The inquisitor stood up. “No,” he said. “I will not sup at the table of a man I believe to be an agent of the Fiend.”

“This is ridiculous!” roared the Maestro. “That boy is confused by concussion and also quite obviously drunk, and yet you accept his wild allegations as reliable testimony? Am I an idiot that I would perform forbidden rites where he could overlook me, when I knew he was in the house? Do you think we don’t know the spyhole is there? If you think I am so senile that I would forget about it, do you believe Alfeo would? Your Excellency, you are running a travesty of an investigation!”
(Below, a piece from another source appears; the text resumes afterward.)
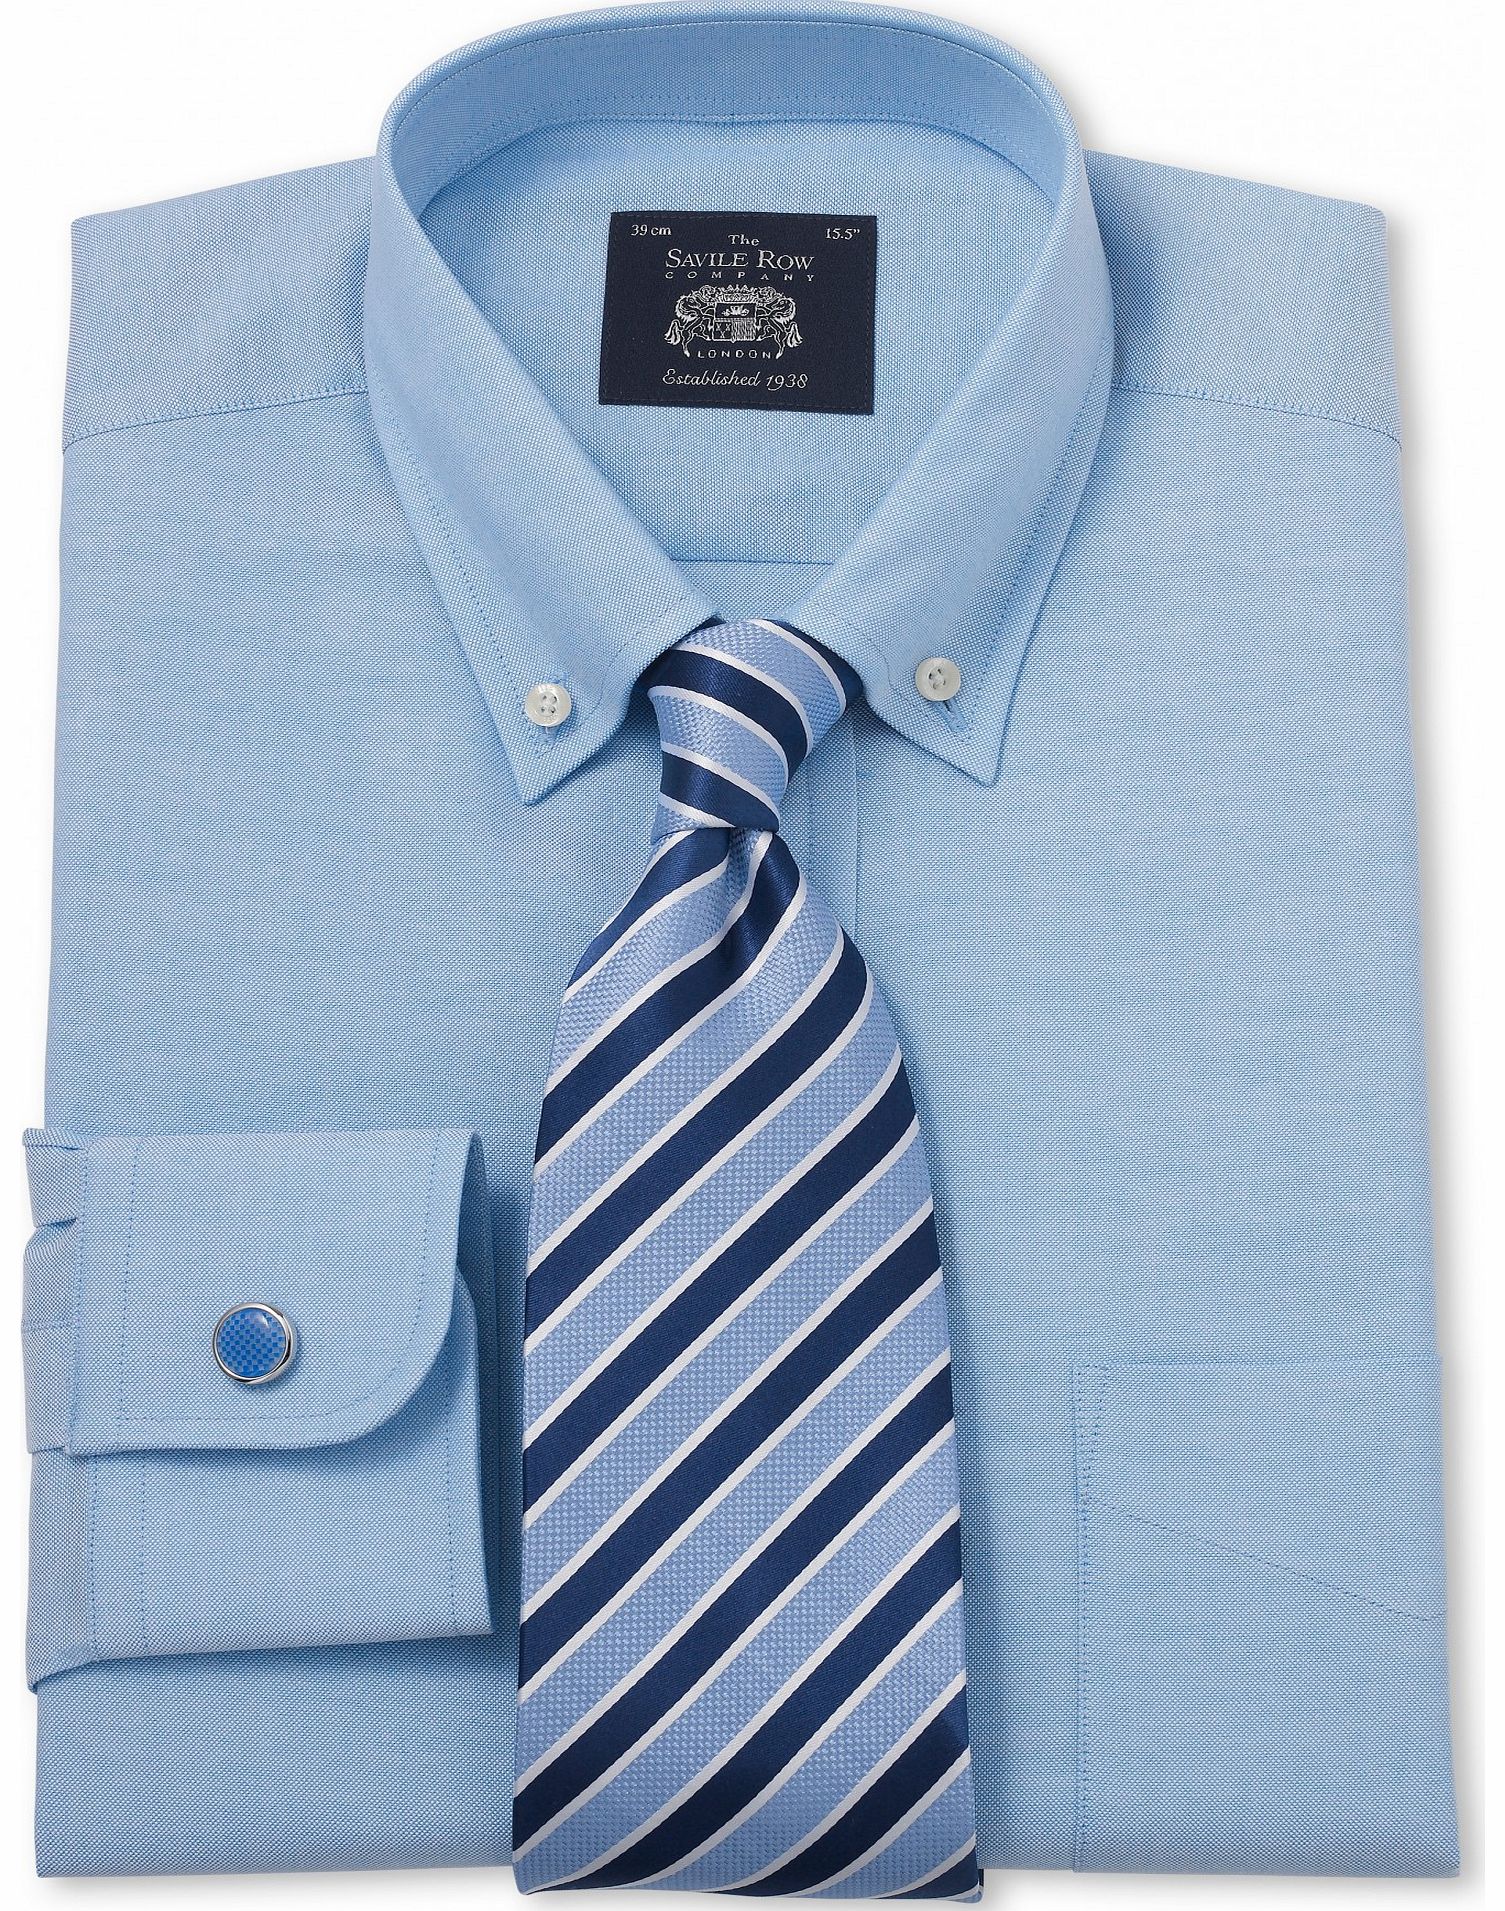 Savile Row Company Blue Pinpoint Classic Fit Shirt 17 1/2``

Ignoring the tirade, Gritti had beckoned in the two fanti, but I reached the Maestro first and helped him up. I handed him his staff and gave him my arm to lean on. If he was going to be humiliated by being carried off like baggage to jail, then the least I could do was help him postpone the indignity as long as possible. Besides, I did not have my sword with me, so I couldn’t put the time to better use by sending Vasco to hell with a warning I was coming.

I had always overestimated that dog’s human qualities.

We shuffled out into the salone. The Angelis were emerging from the kitchen, just about all of them, and Bruno was with them. Bruno was going to be a problem. Already he was sensing the tension and frowning. The fanti would have to carry the Maestro downstairs and the moment they laid hands on him, Bruno was going to charge along the hall like my father’s galley at Lepanto.

“Can you manage the stairs?” Missier Grande asked Vasco, eyeing the group of us. The Maestro must be carried, I must be watched, he had only two able-bodied men to assist him, and he must realize that Vasco would be in danger if he stayed around Ca’ Barbolano unprotected.

“Do let me assist,” I said. “I’ll give him a helping foot.”

Someone rapped the front door knocker.